By Peter Griffiths
LONDON (Reuters) - Prime Minister David Cameron has little hope of persuading other European Union states to return significant powers to Britain before a promised referendum on whether to stay in the bloc, a senior member of his pro-EU coalition partners said on Monday.
Business Secretary Vince Cable, one of the leading figures in the Europhile Liberal Democrats, said Cameron's attempts to negotiate a new role for Britain would probably be blocked by other members of the 28-nation alliance.
Speaking at a debate on Britain's future in Europe, Cable said Cameron would be better off working with other EU states to reform the bloc as a whole rather than seeking special treatment for London.
Cameron said in January he would agree a "new settlement" with the EU and hold an in/out referendum before the end of 2017, providing he wins the 2015 election.
That pledge helped appease anti-EU rebels in his Conservative Party who were challenging his authority and delivered a shot across the bows of the rising UK Independence Party, which wants to leave the bloc after 40 years.

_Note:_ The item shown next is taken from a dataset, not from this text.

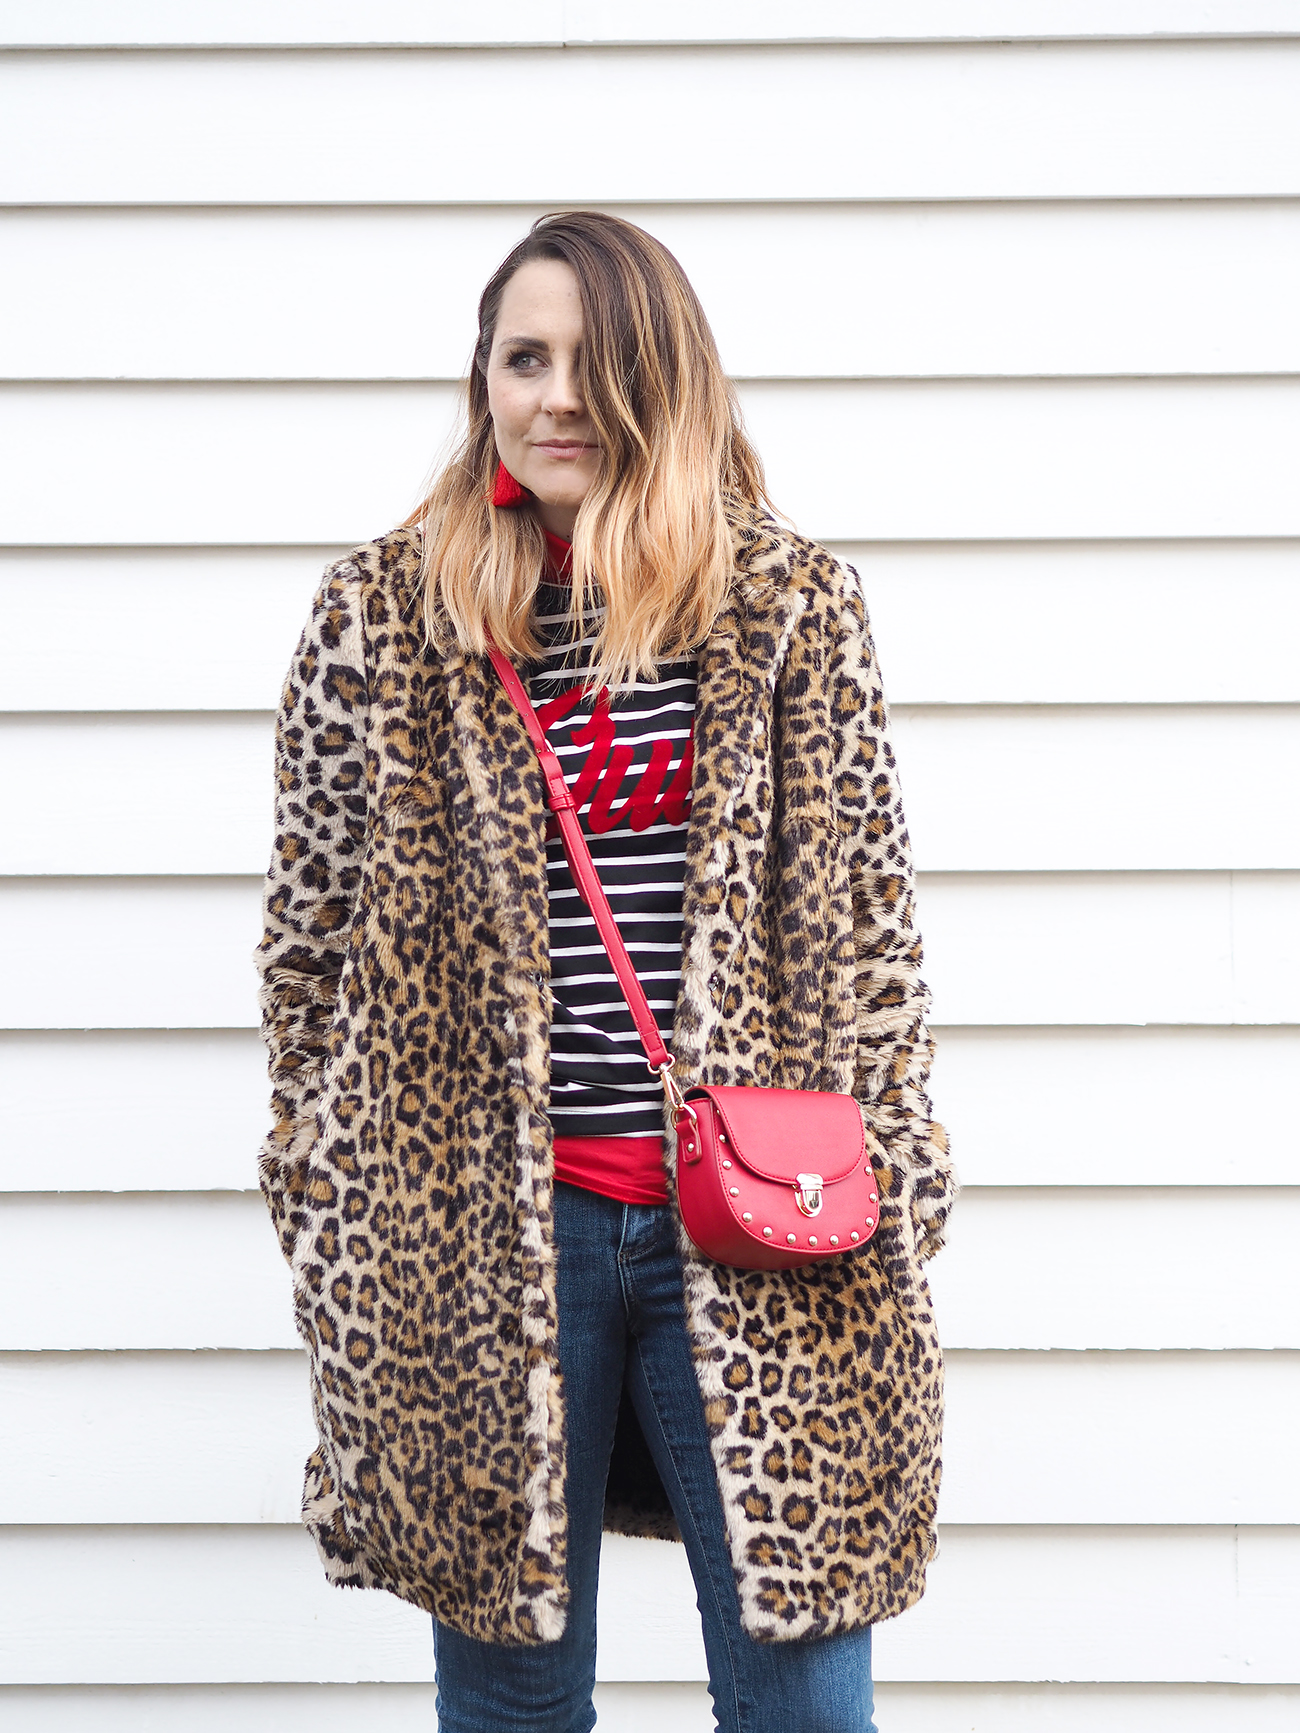 wearing mixed prints leopard and stripes

But it upset some European partners, who warned Britain against "cherry picking" from EU rules, and prompted the United States, Japan and Australia to caution Britain about leaving.
"Fundamental renegotiation is very, very unlikely to produce any significant change," Cable told an audience in the City of London's Guildhall, an imposing medieval hall, surrounded by statues of British war heroes, including Winston Churchill and Admiral Nelson. "We should stay in and improve the system."
Pressed if Germany, France and others would end up offering some concessions to Britain to hold on to one of its biggest members, Cable said: "I'm not certain they would."
Pulling out of Europe would damage the economy, deter investors and undermine Britain's standing, he added. It is the world's sixth largest economy and has Europe's biggest financial centre.
Eurosceptics think Britain will cope outside the EU, a body they see as a wasteful and meddling threat to Britain's sovereignty. They want to create a looser relationship based on trade or leave the bloc altogether.
Conservative lawmaker Jesse Norman said London's finance industry could still prosper outside the EU due to its size, time zone and use of the English language. Britain could also improve trade with emerging markets, he added.
A poll suggested the "out" campaign has a narrow lead. Asked how they would vote in a referendum by researchers TNS BMRB, 43 percent said they would opt to leave and 39 percent wanted to stay.